Le référendum obligatoire en matière de traités internationaux pourrait être étendu. C’est ce que propose l’initiative populaire de l’ASIN «Accords internationaux: la parole au peuple!», soumise au vote le 17 juin.

Le conseiller national UDC Luzi Stamm, le docteur en droit Richard Wengle et le député zurichois Hans-Ueli Vogt, lors de la présentation à la presse du sujet.

Le conseiller national UDC Luzi Stamm, le docteur en droit Richard Wengle et le député zurichois Hans-Ueli Vogt, lors de la présentation à la presse du sujet. Image: Keystone

Croissance pléthorique des votations

L’initiative de l’ASIN risque d’entraîner une pléthore de scrutins. Depuis 1921, les Suisses auraient pu demander potentiellement le référendum pour des traités internationaux à 296 reprises. Ils n’y ont eu recours que dix fois en 90 ans, refusant deux accords. L’EEE n’était pas concerné.

Les autorités ont décidé elles-même de soumettre l’adhésion à l’Espace économique européen, le 6 décembre 1992, au vote des cantons et du peuple. Les opposants n’ont pas eu besoin de recourir au référendum facultatif. Cet instrument populaire a en revanche réussi à faire capoter deux autres accords en 1923 et en 1976.

Dans le premier cas, il s’agissait de la convention entre la Suisse et la France réglant les relations de commerce et de bon voisinage entre les anciennes zones franches de la Haute Savoie et du pays de Gex et les cantons suisses limitrophes. Dans l’autre, d’un accord entre la Confédération et l’association internationale de développement (IDA) relatif à un prêt de 200 millions de francs.

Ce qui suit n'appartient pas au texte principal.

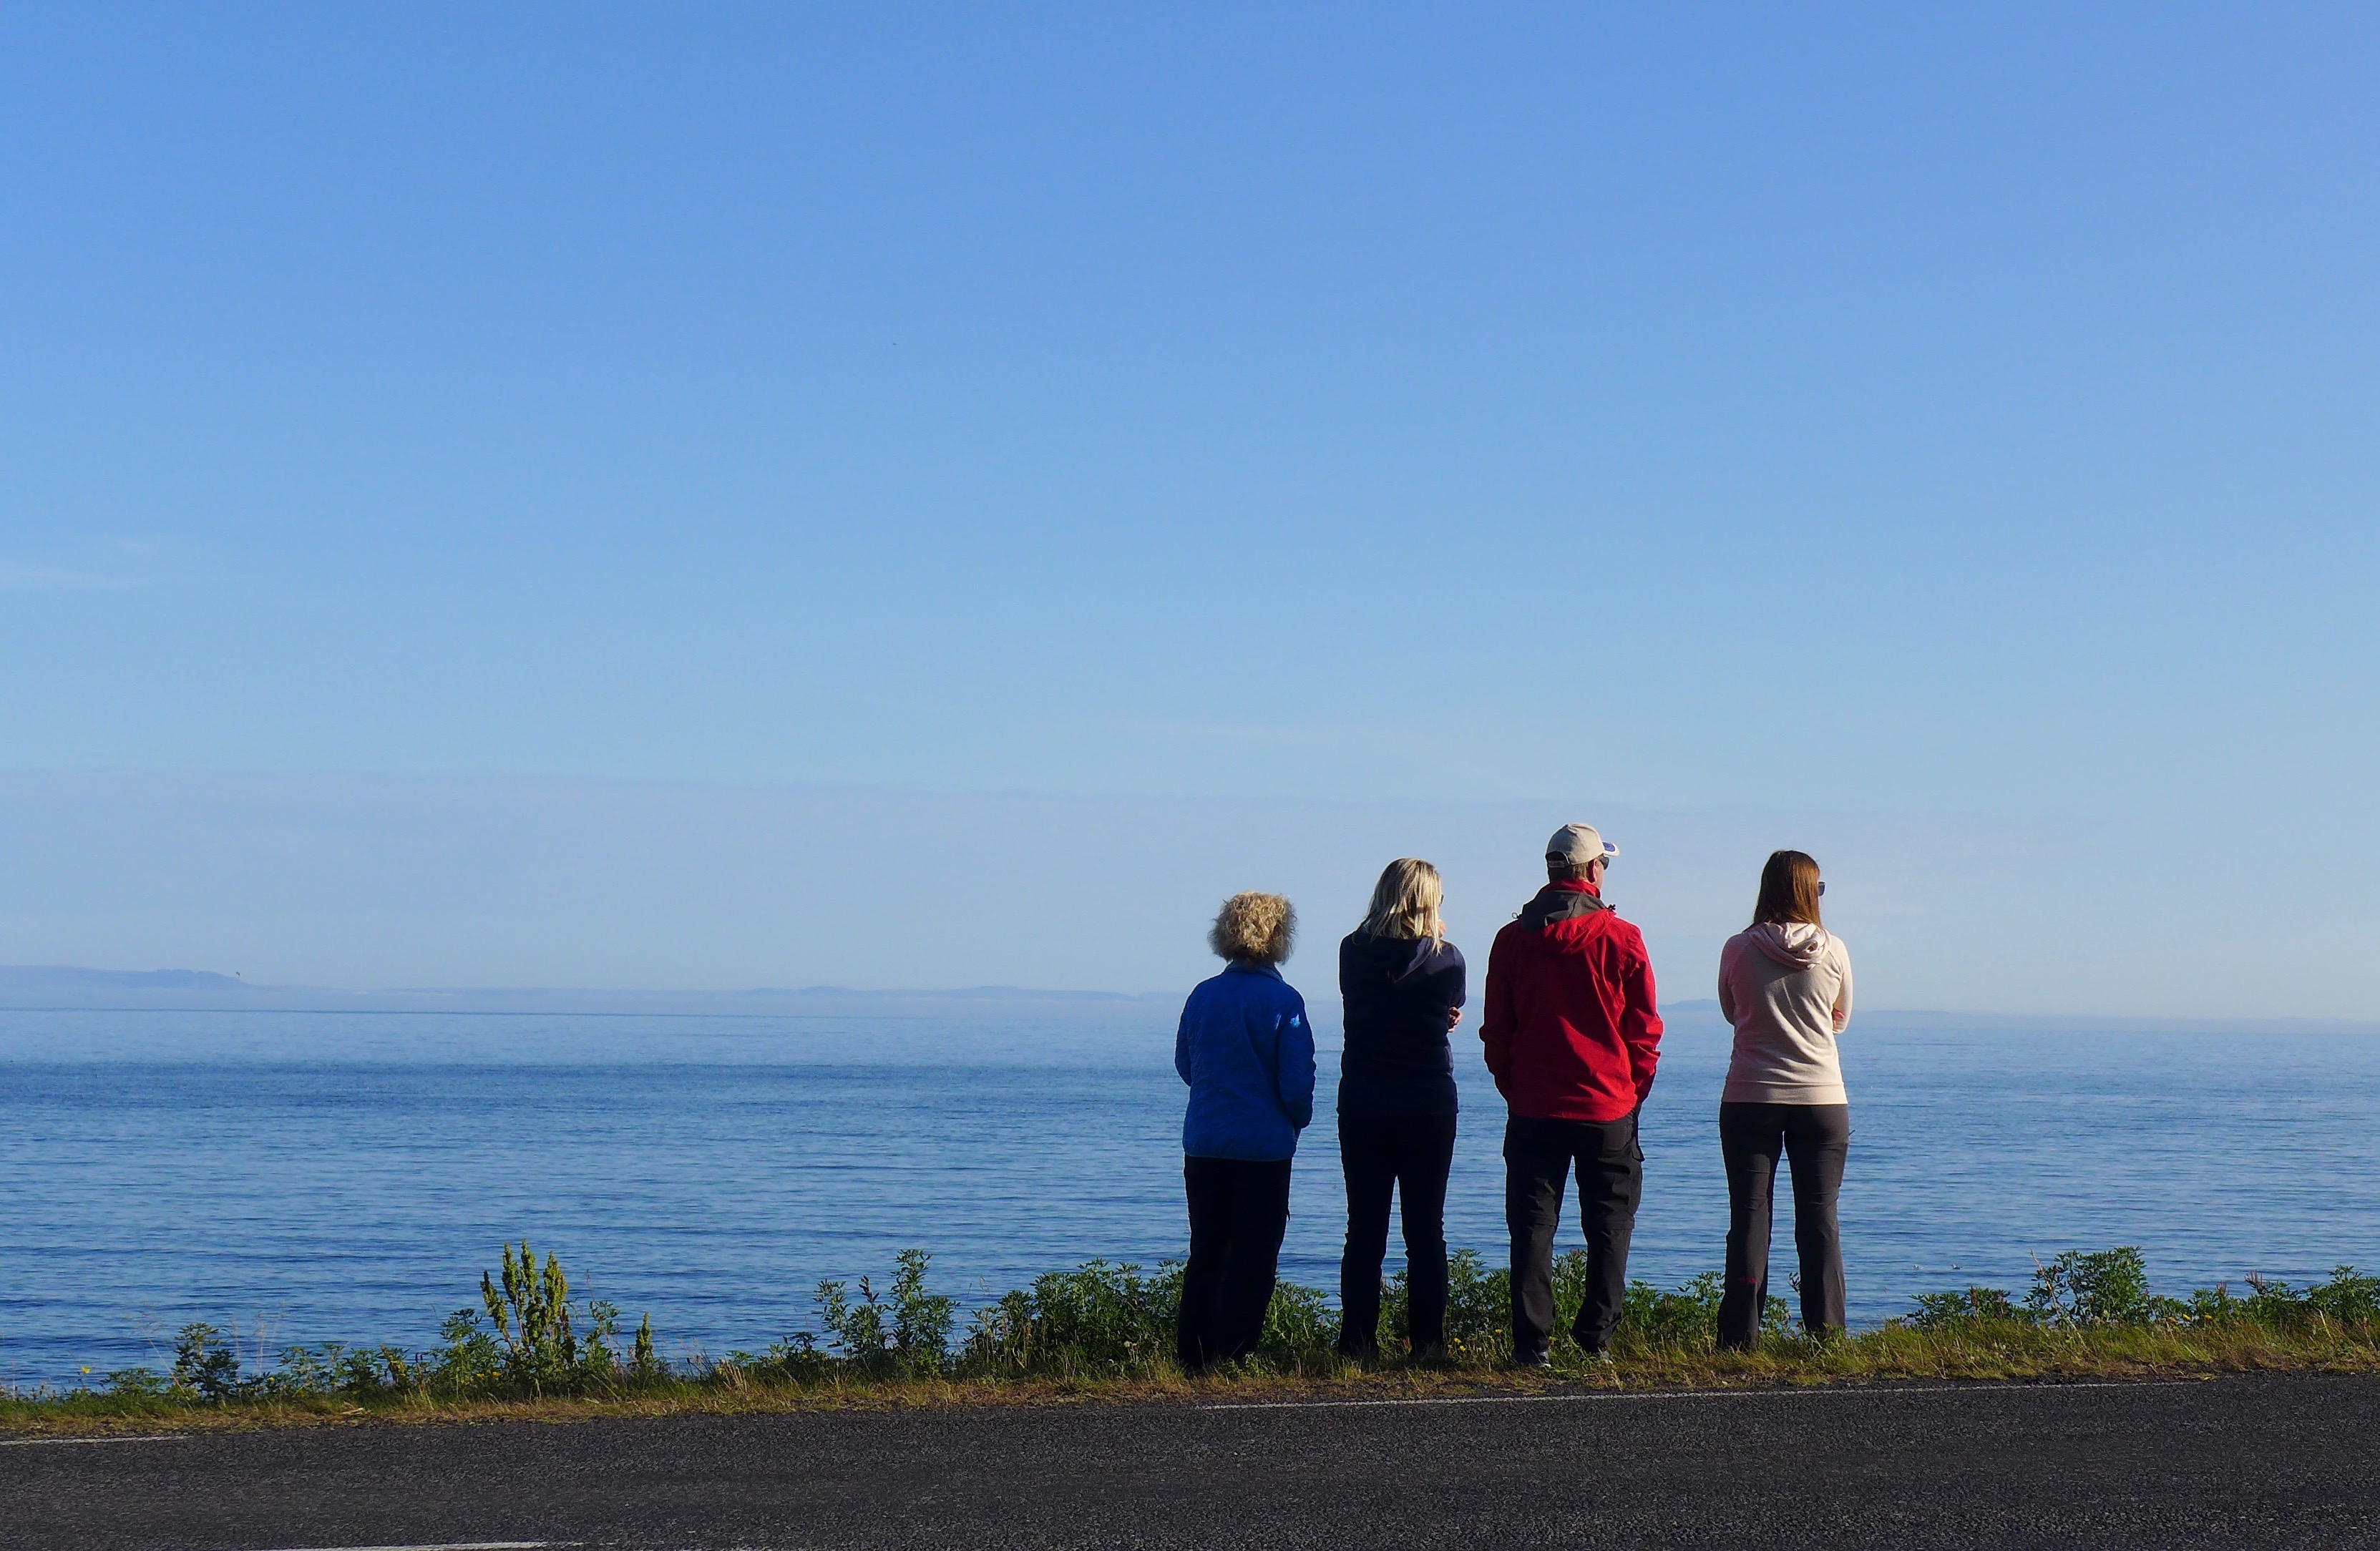 Olasavik Ocean View
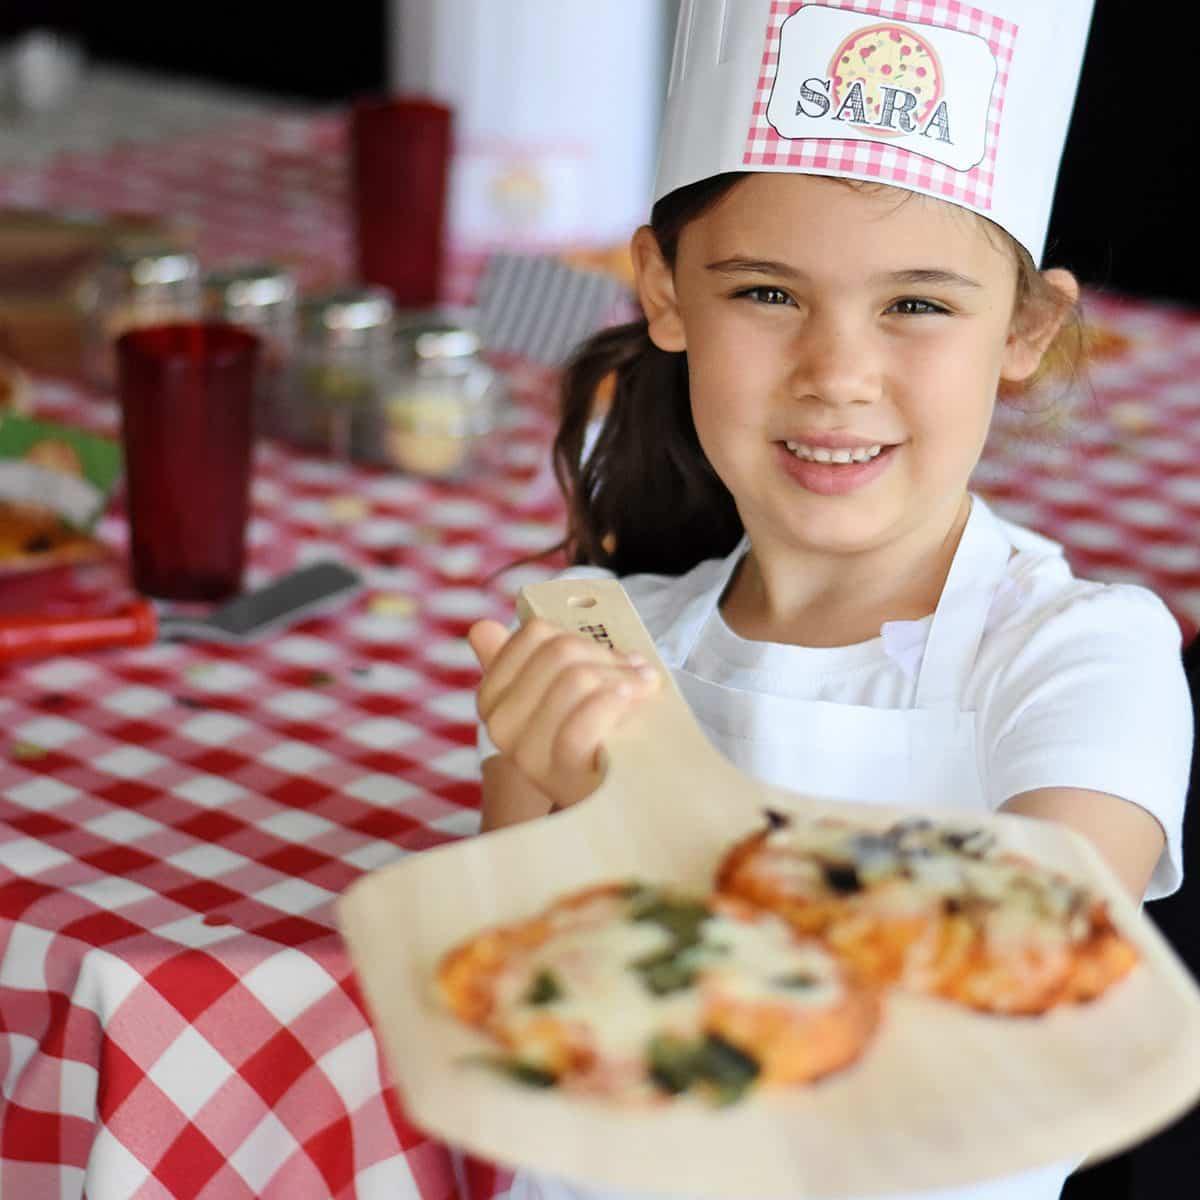 CHICA JOVEN CON PIZZA PARA IDEAS DE FIESTA DE CUMPLEAÑOS DE PIZZA

La tendance à empoigner le référendum est à la hausse. Sept des dix recours à ce moyen de contrôle démocratique ont été enregistrés ces derniers 20 ans. De manière générale, l’importance des traités internationaux a passablement crû depuis l’introduction de la possibilité de référendum sur ces textes en 1921.

Jusqu’en 1980, 91 accords auraient pu être contestés par le corps électoral. C’est moins que durant la dernière décennie, révèle une étude publiée par le Forum de politique étrangère foraus. La Suisse passe actuellement quelque 500 accords par an.

L’initiative de l’Association pour une Suisse indépendante et neutre (ASIN) pourrait quant à elle entraîner huit votations supplémentaires par année, estiment les auteurs de l’étude. A ce rythme, les dépenses augmenteraient de 23 millions en moyenne par an.

Dans son message au Parlement, le Conseil fédéral part du prinicpe que l’initiative pourrait entraîner trois votations supplémentaires par année. La différence dépend de l’interprétation du texte de l’ASIN, qui requiert la possibilité d’une votation pour toute modification dur droit dans des «domaines importants».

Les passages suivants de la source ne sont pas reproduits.